# [Exercise aim]
Return all of the listing word for word; the pictures stay out.

# [Source material]
+--

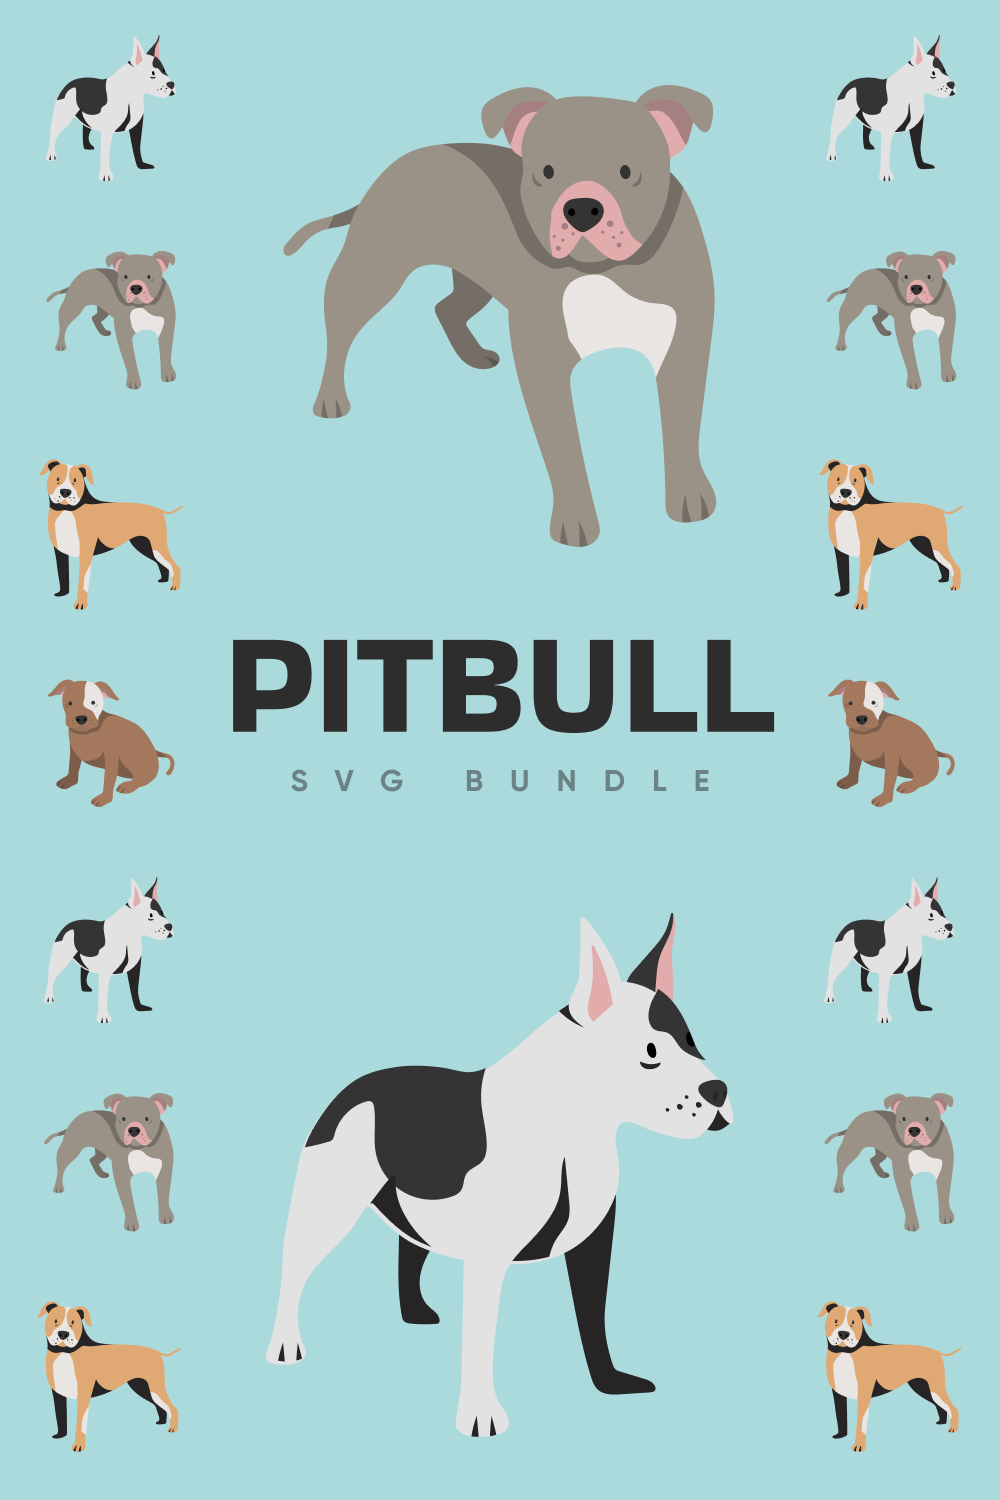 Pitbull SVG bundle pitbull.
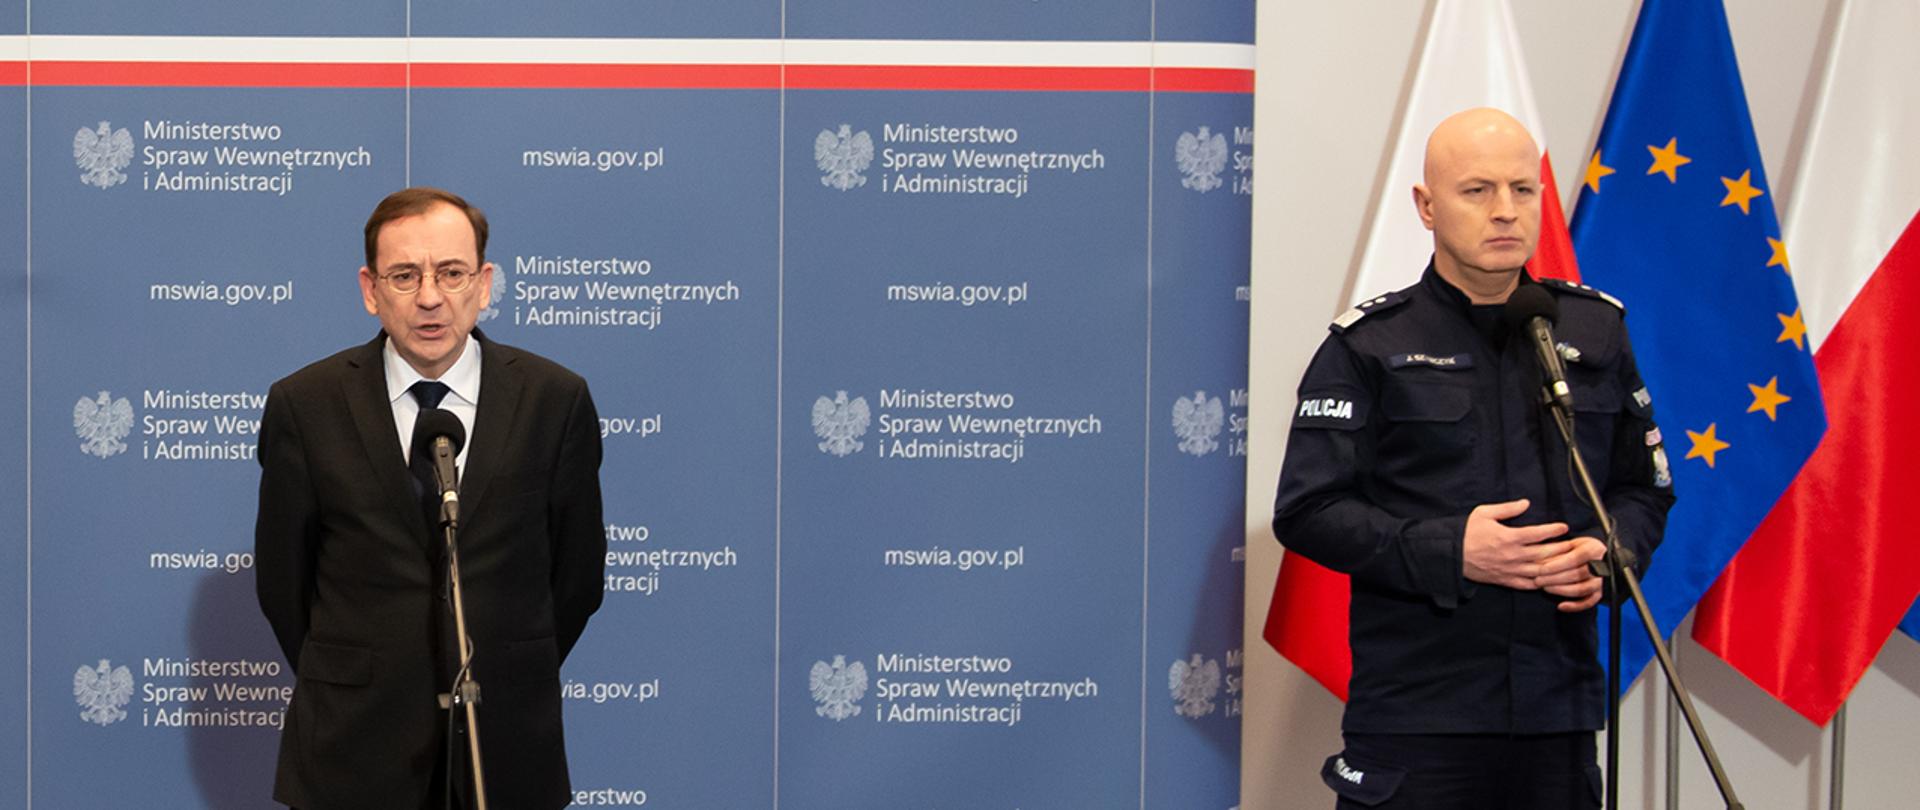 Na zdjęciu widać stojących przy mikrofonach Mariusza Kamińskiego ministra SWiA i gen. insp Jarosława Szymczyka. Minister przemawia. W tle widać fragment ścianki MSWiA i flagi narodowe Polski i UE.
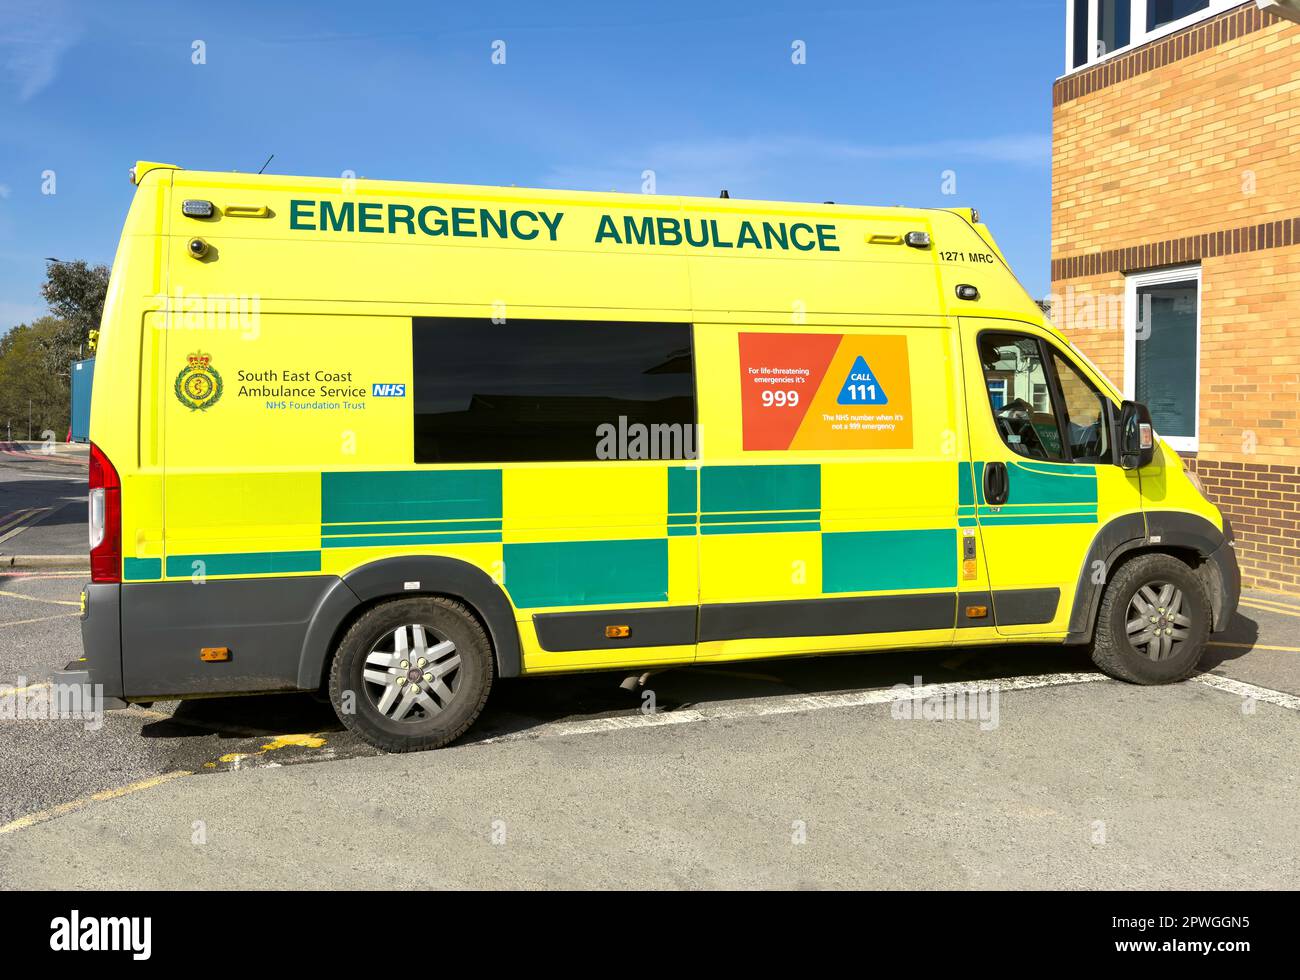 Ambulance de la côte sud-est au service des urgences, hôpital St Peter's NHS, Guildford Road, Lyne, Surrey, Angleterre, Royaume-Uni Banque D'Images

+--

# [Response box]
 Pitbull SVG bundle pitbull.
 Na zdjęciu widać stojących przy mikrofonach Mariusza Kamińskiego ministra SWiA i gen. insp Jarosława Szymczyka. Minister przemawia. W tle widać fragment ścianki MSWiA i flagi narodowe Polski i UE.
 Ambulance de la côte sud-est au service des urgences, hôpital St Peter's NHS, Guildford Road, Lyne, Surrey, Angleterre, Royaume-Uni Banque D'Images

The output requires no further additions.